A “grande” imprensa brasileira, na área econômica, foi capturada pelo neoliberalismo desde o Plano Real. Os nomeados “pais do Real” obtiveram cadeira cativa em suas colunas e entrevistas. Seguidores dessa ideologia, apresentados como economistas-chefe de bancos, pautam suas reportagens e opiniões editoriais.

A bola-da-vez é apelar para o populismo de direita – “é hora de diminuir o setor público para fazer políticas sociais” – como estampa a manchete na reportagem especial do jornal Valor Econômico (02/09/2020) do grupo Globo. A jornalista Arícia Martins entrevistou Sérgio Werlang, assessor da presidência e professor da EPGE na Fundação Getúlio Vargas (FGV-RJ). Ele deu um giro completo pela “porta giratória”: EPGE-Banco Central do Brasil-Banco Itaú-EPGE. Foi diretor do BCB no governo FHC.
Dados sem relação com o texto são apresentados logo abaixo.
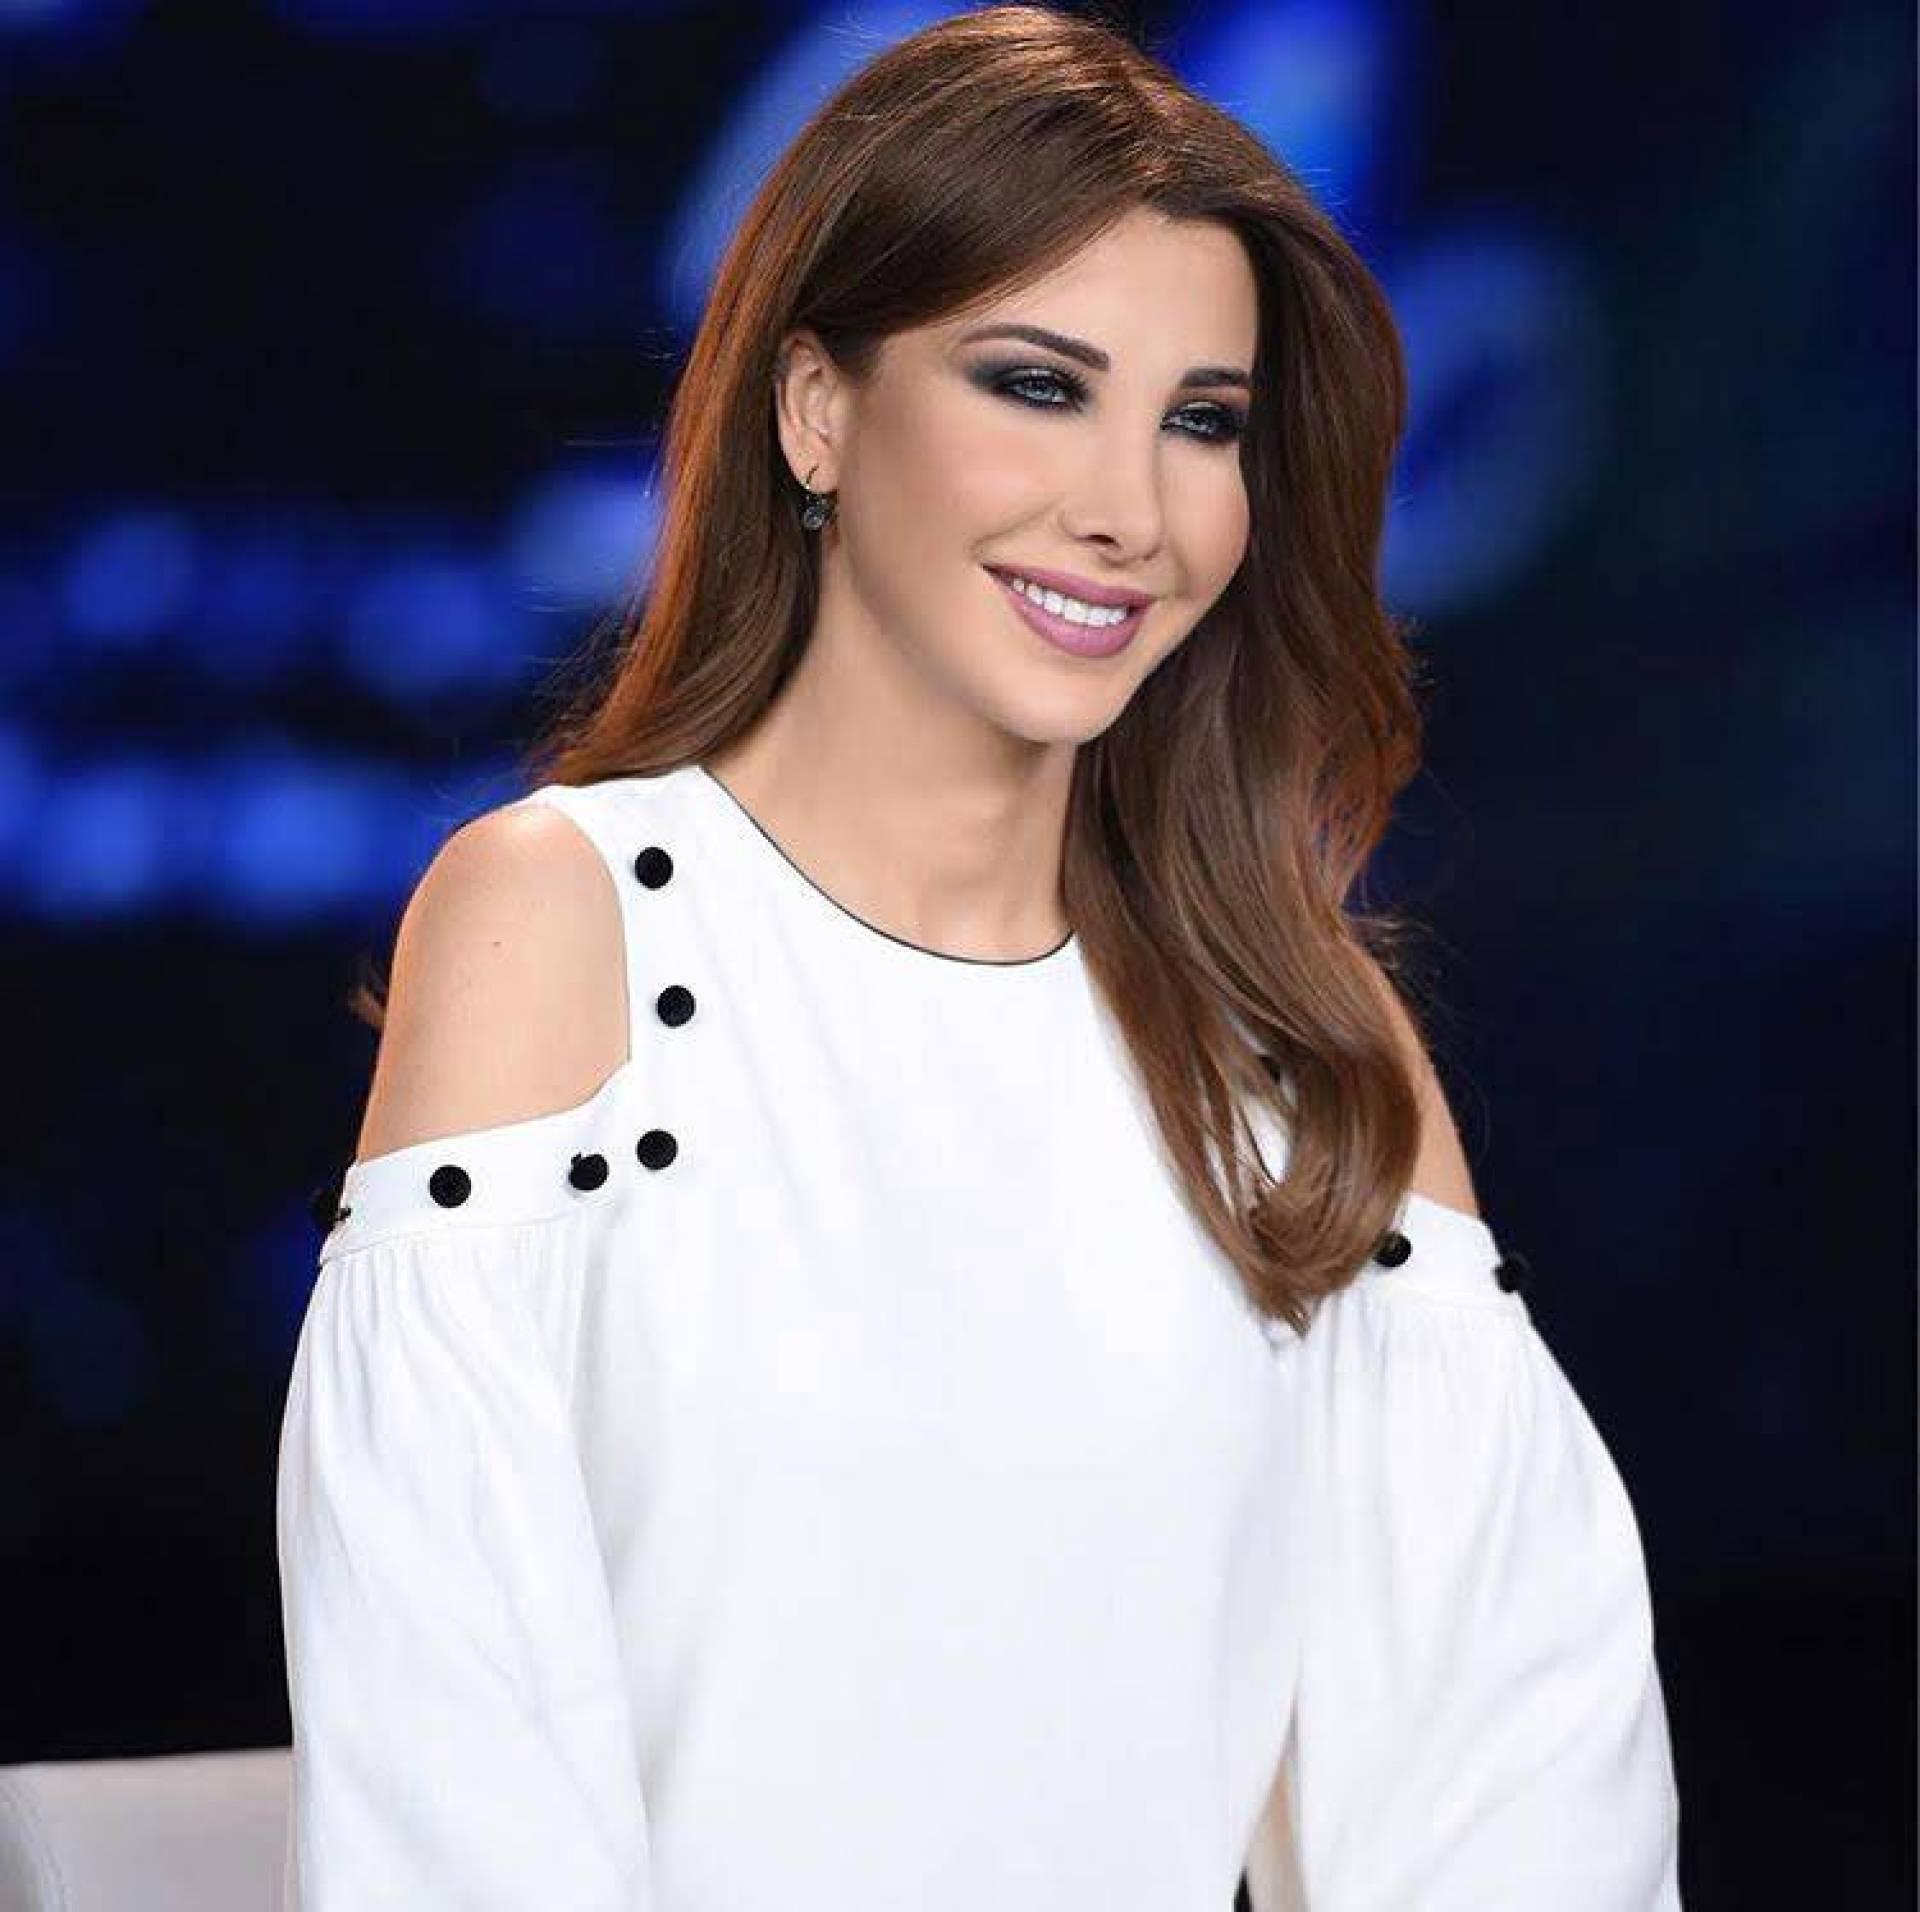 Image result for نانسي عجرم باللون الابيض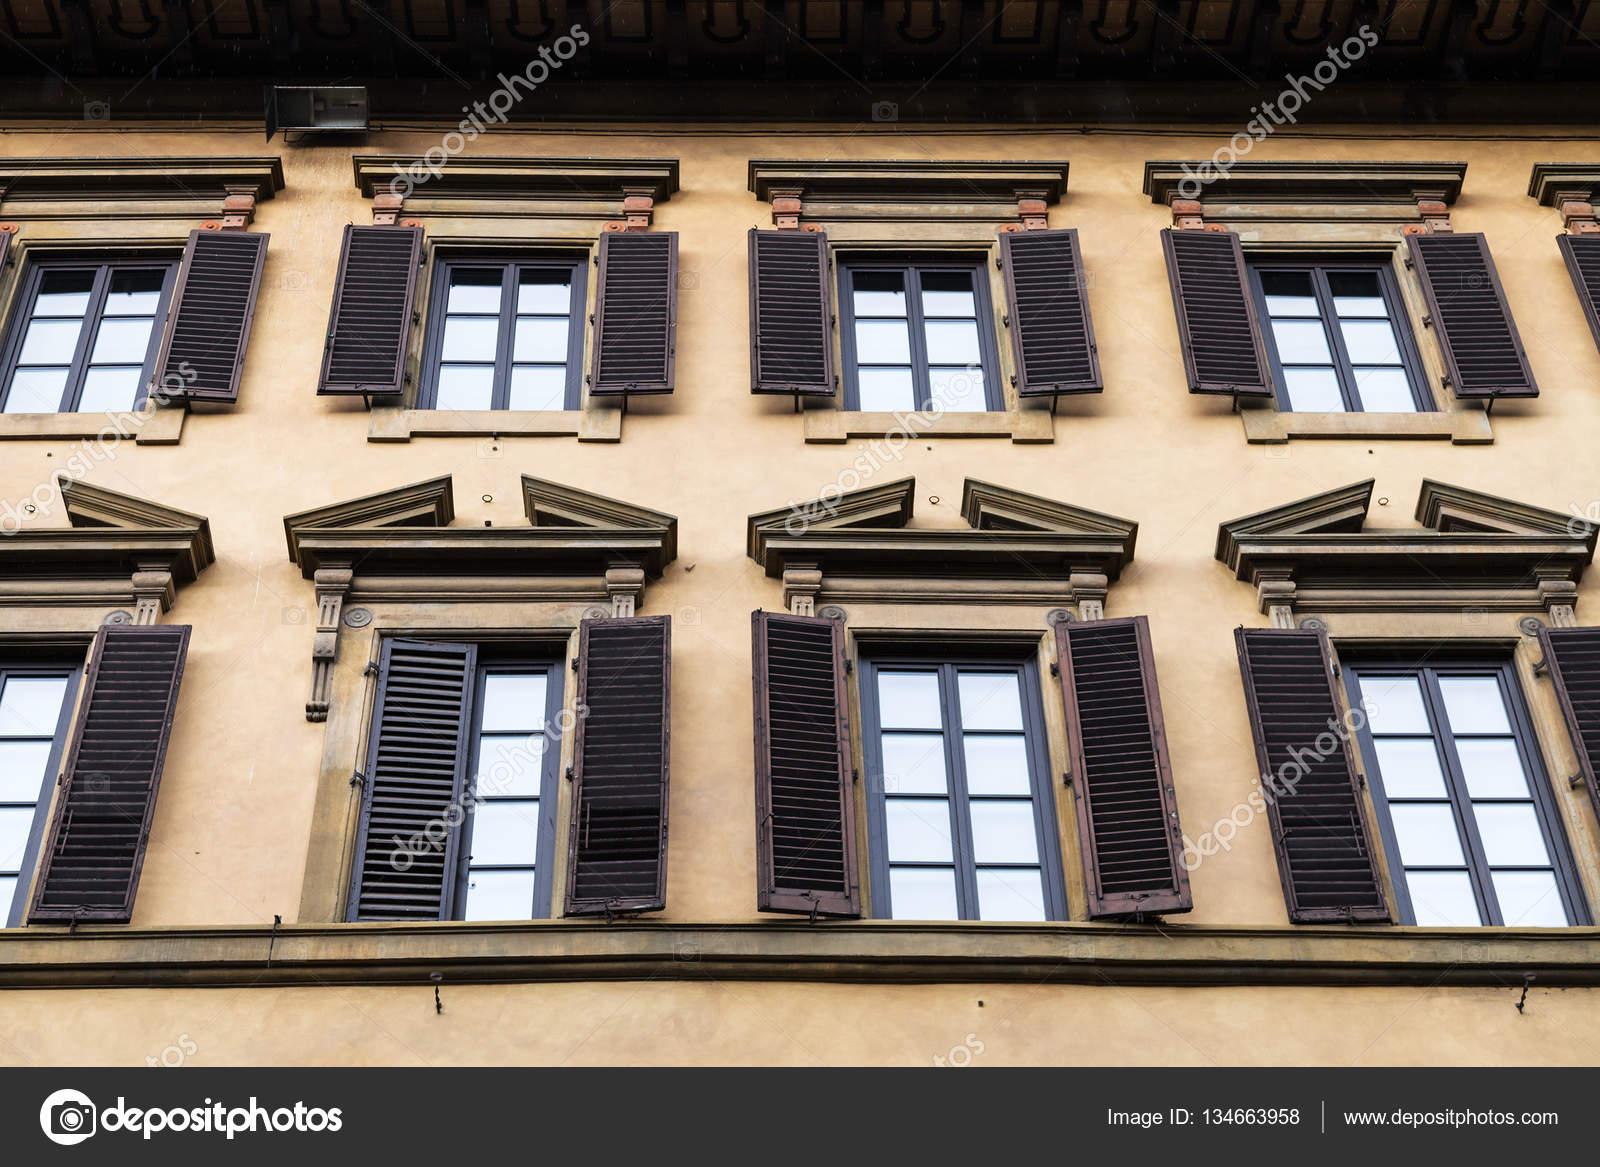 Bezaubernd Fassade Haus Beste Wahl Windows Auf Alter In Florenz — Stockfoto

Essa entrevista mereceu ¾ de uma página de destaque como Especial. O outro ¼ como contraponto foi concedido ao Nelson Marconi (FGV-SP). Ele é porta-voz do Novo-Desenvolvimentismo e assessor do Ciro Gomes. Mas o debate público não será plural enquanto não se divulgar também as ideias do Social-Desenvolvimentismo.

Essa coloca ênfase na necessidade de políticas sociais ativas em conjunto com um planejamento estratégico de retomada do crescimento sustentável da renda e emprego em longo prazo. Simpatizantes dessa linha de pensamento têm sido boicotados, desde o fim desta Era Social-desenvolvimentista (2003-2014), quando a Presidenta Dilma adotou sob pressão política, no início de seu segundo mandato, a política econômica levyana. Daí o golpismo contou com cumplicidade do jornalismo econômico neoliberal.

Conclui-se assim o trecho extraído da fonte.